Fortunately, snow blindness is not usually permanent and it’s often short-lived. The symptoms are caused by temporary damage to the cells on the surface of the eye. If there is vision loss, it typically resolves in 24 to 72 hours. If it doesn’t, contact your doctor immediately.
Snow blindness doesn’t occur only in the polar region. It can affect anyone enjoying snow sports —hiking, snowshoeing, skiing and snowmobiling — in the bright sun.
A Sunburn of the Eye
There’s a reason you squint in the sun. It’s your body’s way of naturally protecting itself.
“The sun’s ultraviolet rays can burn the cornea of the eye, causing irritation, pain and blurred vision,” said Jeff Weinstein, a paramedic and a Medical Operations supervisor for Global Rescue.
With the name — snow blindness — you would think those most at risk are the adventurer travelers outside in snowy terrain, across a snowfield or in a high-altitude winter environment without proper eye protection. And you’d be right; fresh snow reflects about 80% of UV radiation.
Water and white sand are also reflective, so spending a day on the ocean or lake also puts you at risk. Your eyes are prone to sunburn from a direct hit from the sun combined with the reflection of the sun from the water or sand.
Location and Season Make a Difference
Of course, you’ll want to protect your eyes at noon during the summer, when solar UV light is at its strongest. But where you are located on the earth matters as well.
According to a study in the Journal of Postgraduate Medicine, when you compare summer in the Northern hemisphere versus the Southern hemisphere, the Northern hemisphere is 1.7% farther away from the sun than the Southern hemisphere, and the intensity of UV light decreases by approximately 7%. Quebec in the summer, for example, will have a lower risk of snow blindness than Madagascar in the summer.
High altitudes also make a difference because there is less distance for the light to travel and the thinner atmosphere filters less UV radiation. According to the World Health Organization, UV levels increase by 10% to 12% with every 1,000 meters increase in altitude. Cloud cover, latitude and ozone levels are additional factors determining how much UV light reaches your eyes.
“Skiers in New England can get away with skiing with just sunglasses in fair conditions on a sunny day,” Weinstein said. “Once the wind kicks up stirring snow and other particles, goggles will be needed to protect your eyes from micro-debris damage as well as harmful UV rays. Goggles provide better protection against UV light, wind and debris.”
Symptoms and Recovery
Just like a skin sunburn, by the time you notice the damage to your eyes, it’s too late. According to The College of Optometrists in London, 6 to 12 hours after exposure, the eyes become red, painful, watery and sensitive to light. Additional snow blindness symptoms include:
- Burning eyes
- A gritty feeling, like there is sand in your eye
- Blurred vision
- Red and swollen eyelids
- Glare and halos around lights
To aid recovery, a doctor may prescribe eye drops or pain relief tablets to make the eyes more comfortable while they heal. A doctor may also recommend:
- Staying indoors to let your eyes heal before going back outside
- Keeping eyes well moistened with artificial tears
- Placing a cool, damp washcloth over closed eyes
- Removing contact lenses
An Ounce of Prevention
Alaska’s indigenous people knew the dangers of the sun. In the Smithsonian, you’ll see snow goggles made out of a piece of bone or wood with a strip cut into the center to reduce glare and protect eyes from injury. Today, outdoor adventurers can stop by a sporting goods store to purchase full coverage, mirror-coated sunglasses, glacier goggles with polarized lenses or tight-fitting snow goggles.

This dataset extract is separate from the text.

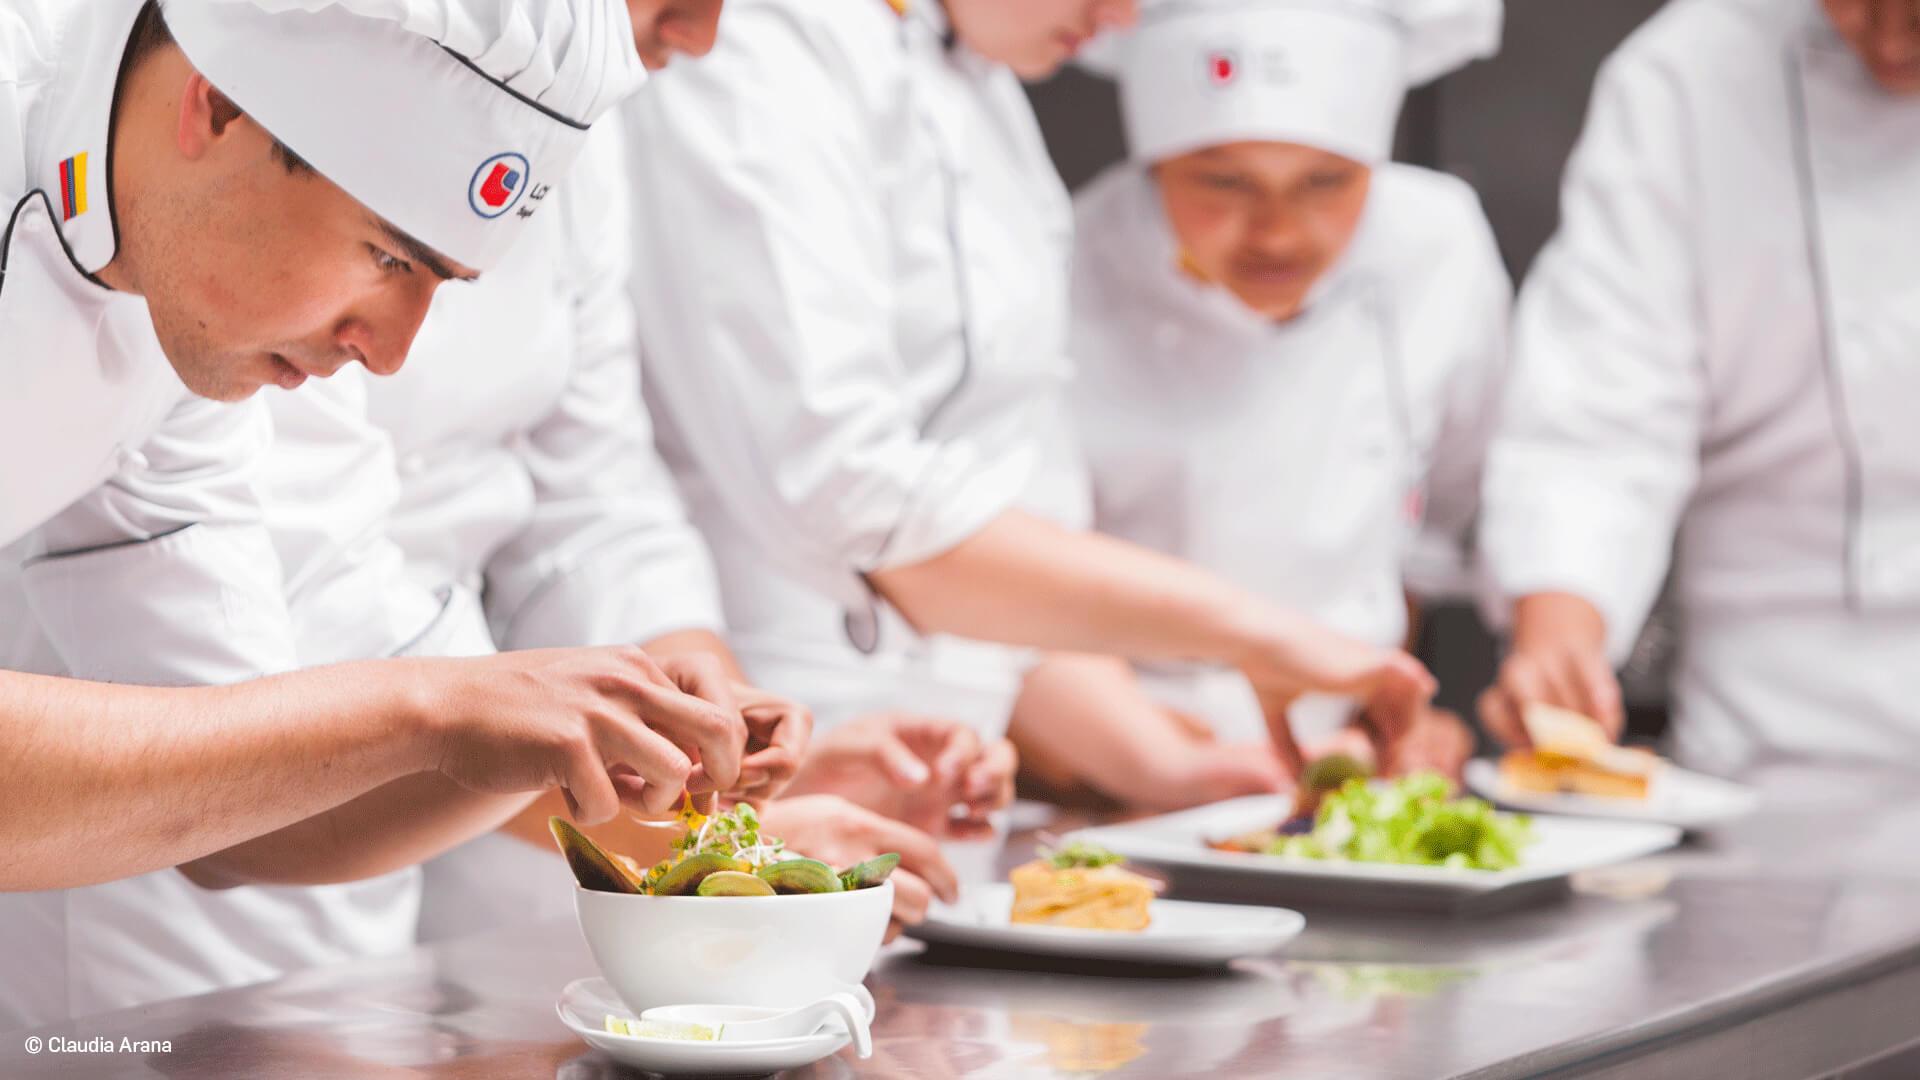 Gastronomia quieres estudiar for Donde estudiar cocina

Here are a few additional suggestions to keep your eyes safe from snow blindness:
- If you participate in water or snow sports, invest in quality, wraparound sunglasses with photochromic lenses (lenses that darken upon exposure to light).

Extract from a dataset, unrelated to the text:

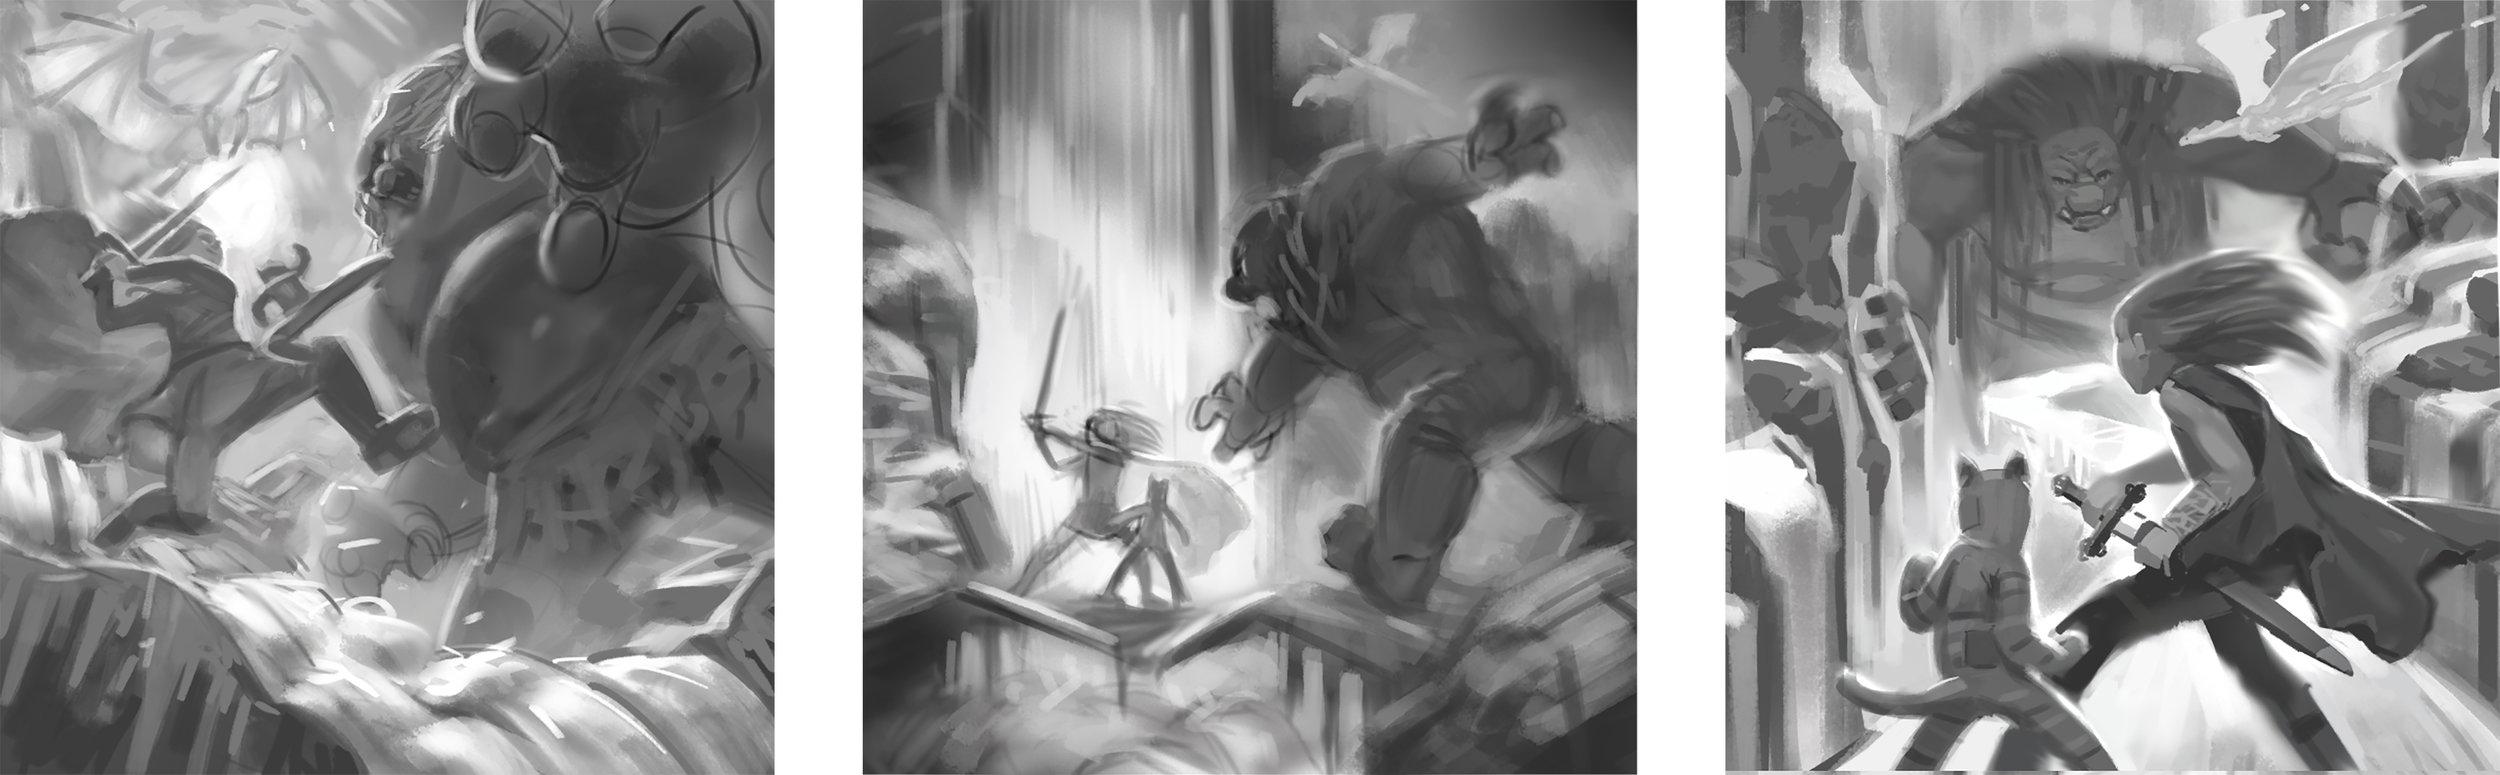 troll-bridge-sketch.jpg

- Wear sunglasses that block out 100% of UV rays whenever you plan to be outdoors for more than three hours at a time.
- Remember reflective glare from sand, water and snow can still harm your corneas even when the weather is overcast.
As a rule, the view may be gorgeous but please keep those goggles or sunglasses on at all times.
How Global Rescue Can Help
Traveling to a sun-drenched or snow-covered location? Sign up for a travel protection services membership. Whether you are on the top of Aconcagua or in the middle of the Indian Ocean, you’ll have access to 24/7/365 medical advisory services, field rescue from the point of injury, and medical evacuation to the nearest hospital or home hospital of choice. And even if you’re skiing at your local mountain, Global Rescue’s memberships now include Local Field Rescue services within 100 miles of your home.
Travel protected. Travel boldly.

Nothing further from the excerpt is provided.